Today is one of those days I'm just not meant to sleep. I'm not entirely sure what is happening in the apartments around me, but there is a ridiculous amount of hammering and drilling happening. Work tonight will be a real bitch....

Since I'm not sleeping, I decided to whip up a batch of hummus. This is a very basic recipe that can have almost anything added to it. For instance, stir in chopped basil or roasted red pepper to add some color and extra flavor. I typically eat this with fresh veggies (you can see my snack in the picture!), but it's also good with pita or flatbread. I've even used it as sauce on a Mediterranean-style pizza.

Tip: To roast such a small amount of garlic, I don't bother with heating the oven. My faster method is to toss the garlic cloves (with the skin on!) in a small skillet over med heat. Cover the pan, and give the garlic about 5 minutes on each side to thoroughly roast.

I may be working on little to no sleep tonight, but at least I have my 2:00am snack all set to go!


Ingredients:
1 can (15.5oz) chickpeas, drained/rinsed
3 tbs tahini
1/4 c extra virgin olive oil
zest and juice from 1 lemon, or 2 tbs vinegar of choice
3 cloves garlic, roasted and peeled
1/2 tsp cumin
1/4 tsp cayenne pepper
additional olive oil, water
salt/pepper to taste

Directions:
In food processor, puree beans, tahini, 1/4 cup of olive oil, 1/4 cup of water, lemon zest, juice, garlic, cumin, and cayenne to a medium-fine texture. Add about half a teaspoon each of salt and pepper to start.

While blending on medium speed, slowly add equal parts oil and water until paste smooths to desired consistency.

Transfer to a bowl, add salt and pepper to taste, and serve. Makes about 2 cups.

Tuesday, December 1, 2009

Baked Sweet Potato Fries with Creamy Garlic Dipping Sauce

Here is one of my favorite side dishes. I created them after having a deep-fried version at the local Renaissance Festival. Instead of breaded and fried, these "fries" are baked. They are good with or without the creamy garlic dip. A Thai peanut sauce would go well with these for someone of the vegan persuasion.

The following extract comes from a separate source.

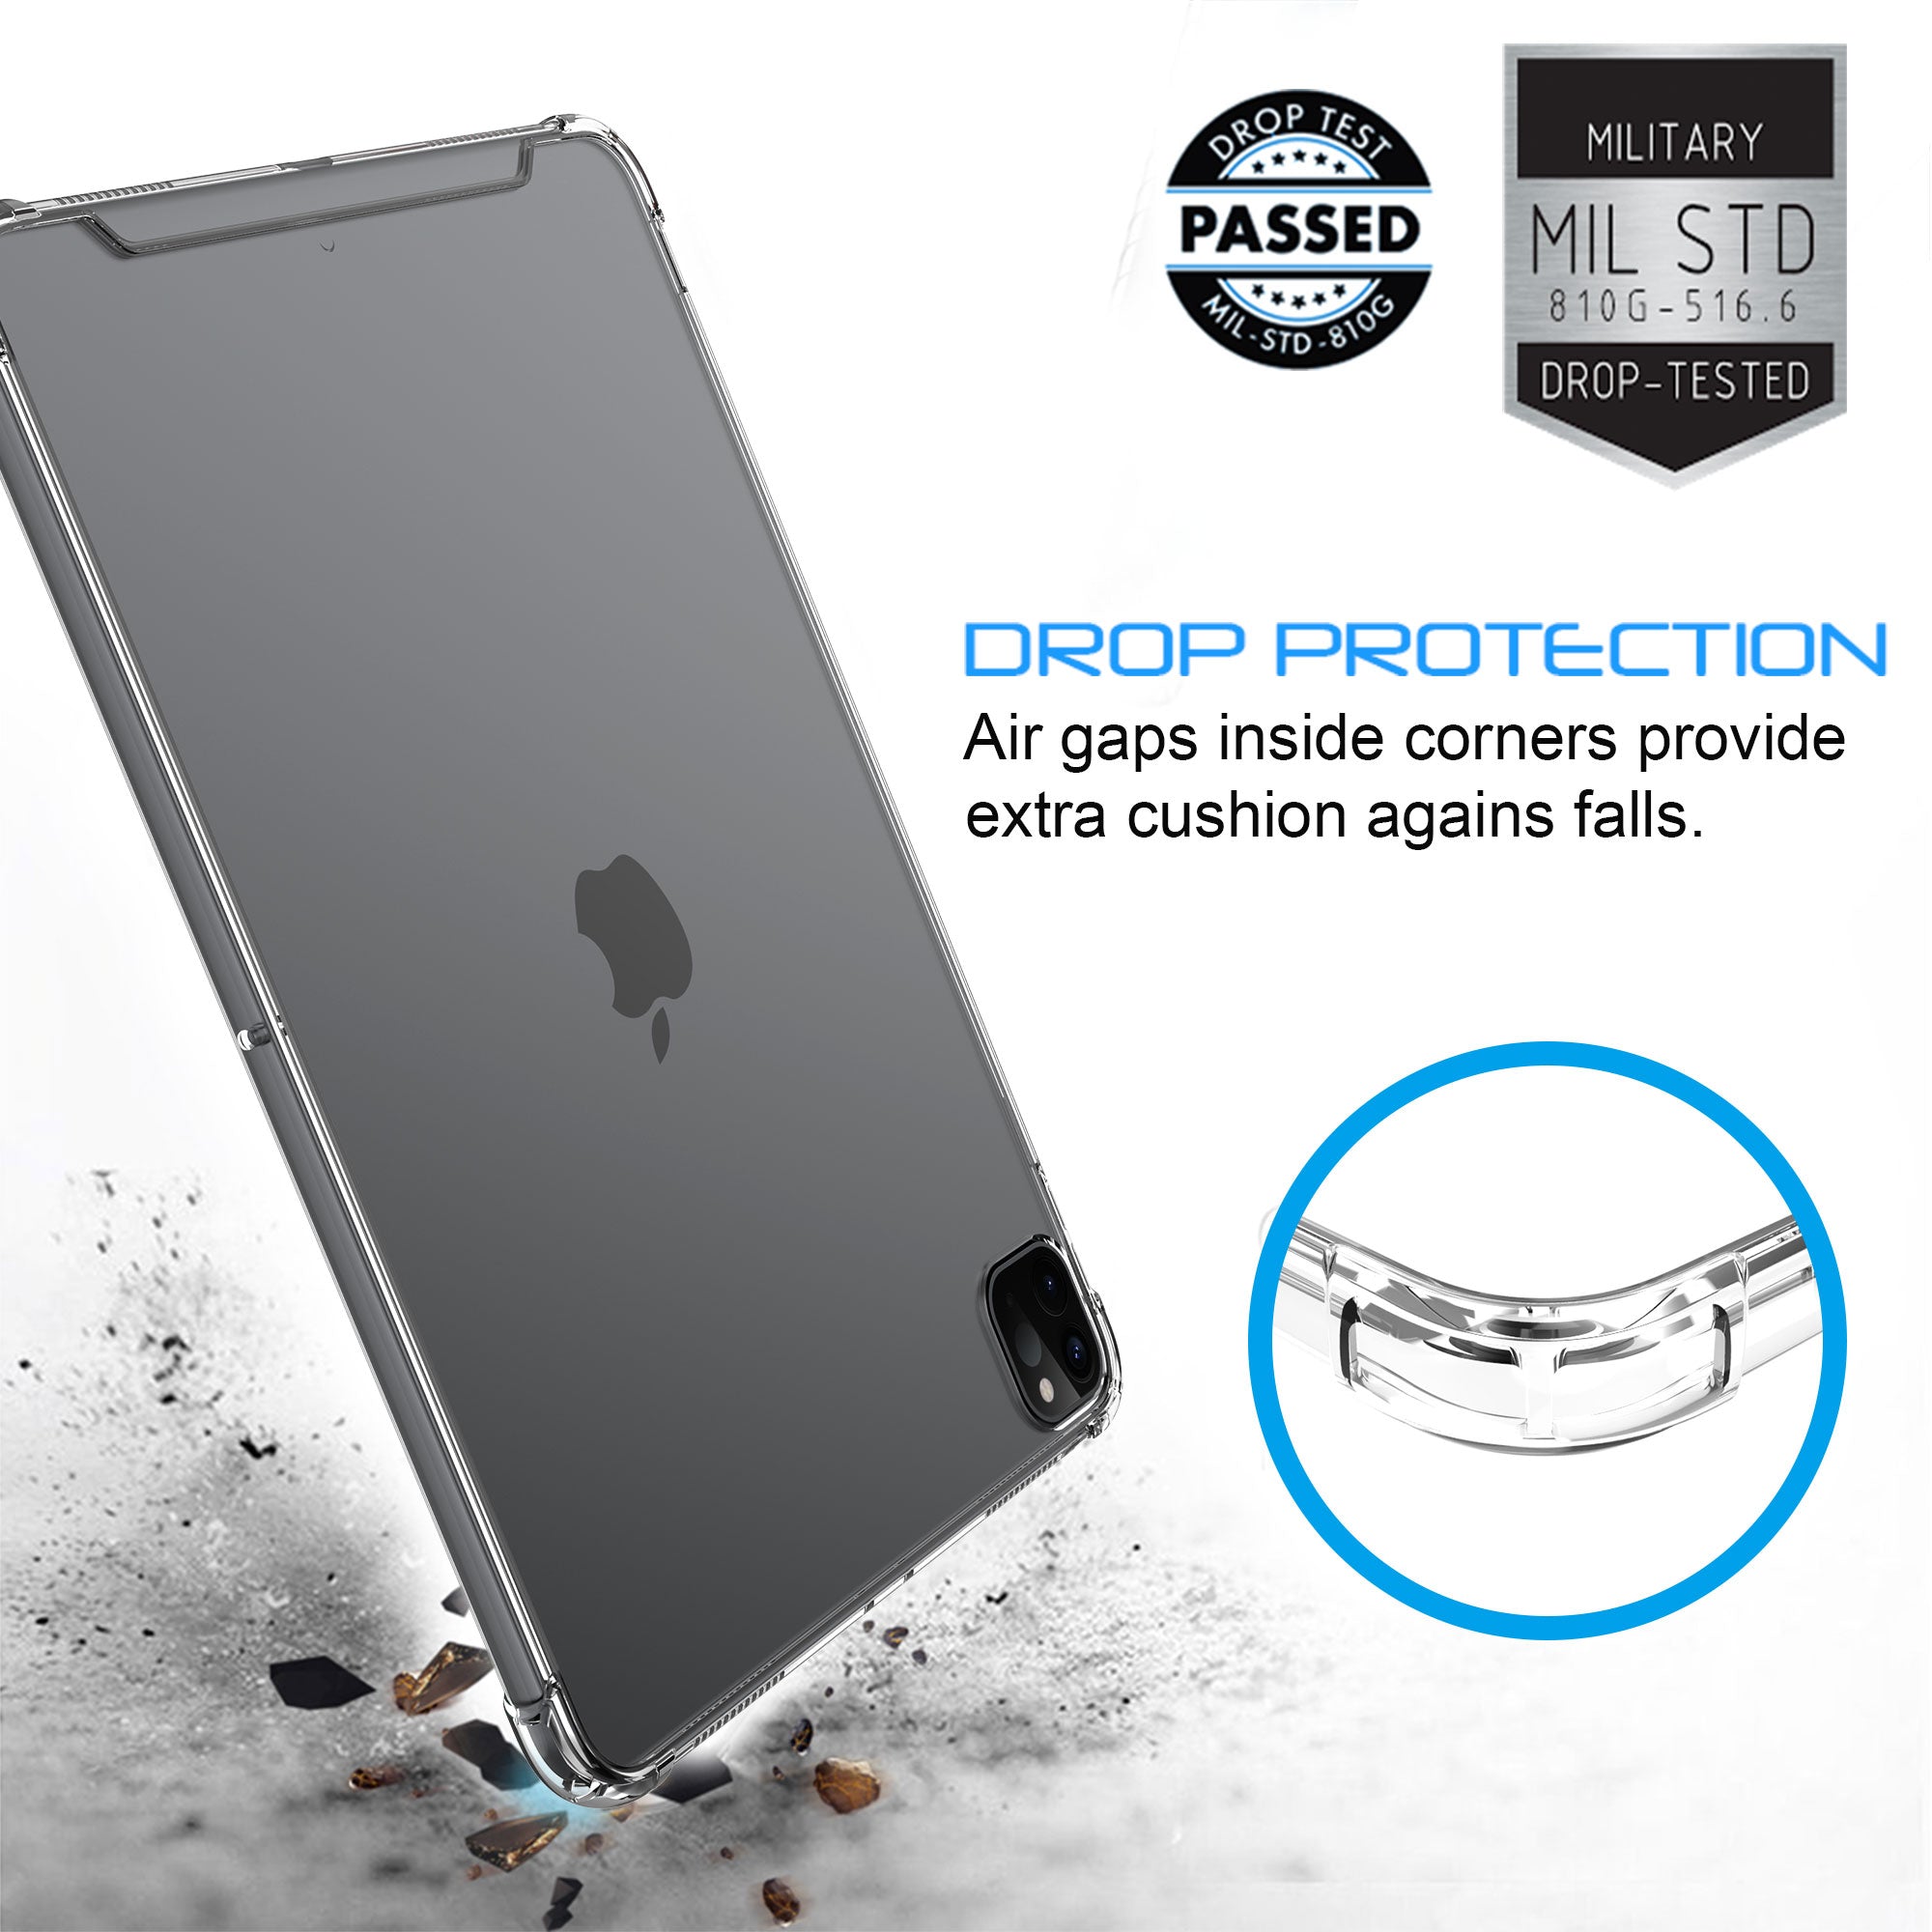 iPad Pro 12.9 2020 Case with $250 Warranty - Luvvitt Clear View Case and Liquid Glass Screen Protector

The dipping sauce is a tart, cool contrast to the sweet potato. My original recipe used sour cream as a base, but this last time I subbed in plain yogurt in an effort to cut down on the calories. Honestly, I couldn't tell the difference; hence the final recipe is made with non-fat plain yogurt. This sauce is also very good on fish and chicken. I've dipped both proteins in it before baking with rave reviews.

Baked Sweet Potato Fries

Ingredients:
2 medium-sized sweet potatoes
1 tbp rice (or white) vinegar
2 tbs light olive oil
1 tsp fresh thyme, very finely minced
1 tsp fresh basil, very finely minced
2 tsp fresh parsley, very finely minced
1 tsp cumin
salt/pepper to taste

Directions:
Preheat oven to 400 degrees.

Slice potatoes into strips about 1/4" around. In a large bowl whisk oil, herbs, and cumin together. Toss potato strips with oil mixture until thoroughly coated.

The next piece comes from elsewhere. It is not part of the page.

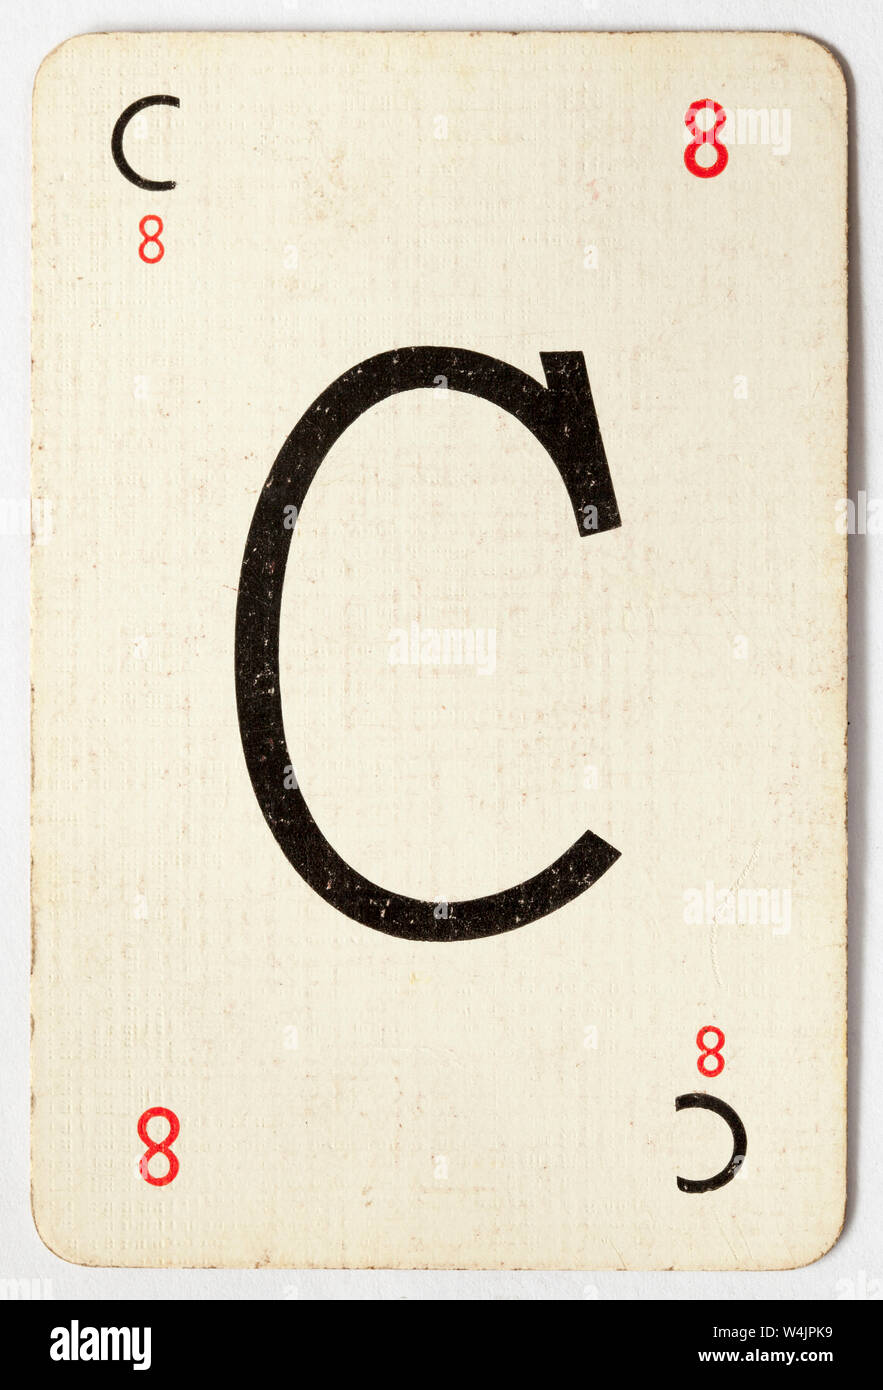 Vintage Playing Card Letter  from Lexicon Card Game Stock Photo

Arrange evenly on baking sheet, not touching. Bake 15 minutes, flip, and bake another 18-20 minutes (or under caramel brown and crisp on the outside).

Remove from the oven and salt/pepper to taste. Makes 6 servings.


Creamy Garlic Dipping Sauce

Ingredients:
1 c low fat plain yogurt
3 tbs mayo
1 tbs horseradish
1 tbs balsamic vinegar
2 tbs light or extra virgin olive oil
2 clove garlic, very finely minced
3 tbs parsley, very finely minced
salt/pepper to taste

Directions:
Whisk together all ingredients until well-combined. Refrigerate at least an hour before serving. Serve chilled. Makes 1 1/2 cups.